» **Records from a dataset**:
================================
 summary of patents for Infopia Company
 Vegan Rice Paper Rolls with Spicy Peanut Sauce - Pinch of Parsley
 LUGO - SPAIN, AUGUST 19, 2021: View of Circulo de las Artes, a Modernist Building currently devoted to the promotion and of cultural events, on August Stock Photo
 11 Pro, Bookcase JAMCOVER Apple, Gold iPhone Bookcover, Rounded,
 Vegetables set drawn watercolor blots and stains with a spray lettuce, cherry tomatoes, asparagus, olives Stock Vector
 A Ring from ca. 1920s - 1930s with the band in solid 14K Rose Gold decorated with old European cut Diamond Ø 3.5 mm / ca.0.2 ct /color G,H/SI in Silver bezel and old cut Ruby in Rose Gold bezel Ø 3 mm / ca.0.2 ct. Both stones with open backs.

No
================================
» **What is needed**: Begin at the top of the records above and quote each line exactly, ending with the line that contains "Vegetables set drawn".

» **Result below**:
 summary of patents for Infopia Company
 Vegan Rice Paper Rolls with Spicy Peanut Sauce - Pinch of Parsley
 LUGO - SPAIN, AUGUST 19, 2021: View of Circulo de las Artes, a Modernist Building currently devoted to the promotion and of cultural events, on August Stock Photo
 11 Pro, Bookcase JAMCOVER Apple, Gold iPhone Bookcover, Rounded,
 Vegetables set drawn watercolor blots and stains with a spray lettuce, cherry tomatoes, asparagus, olives Stock Vector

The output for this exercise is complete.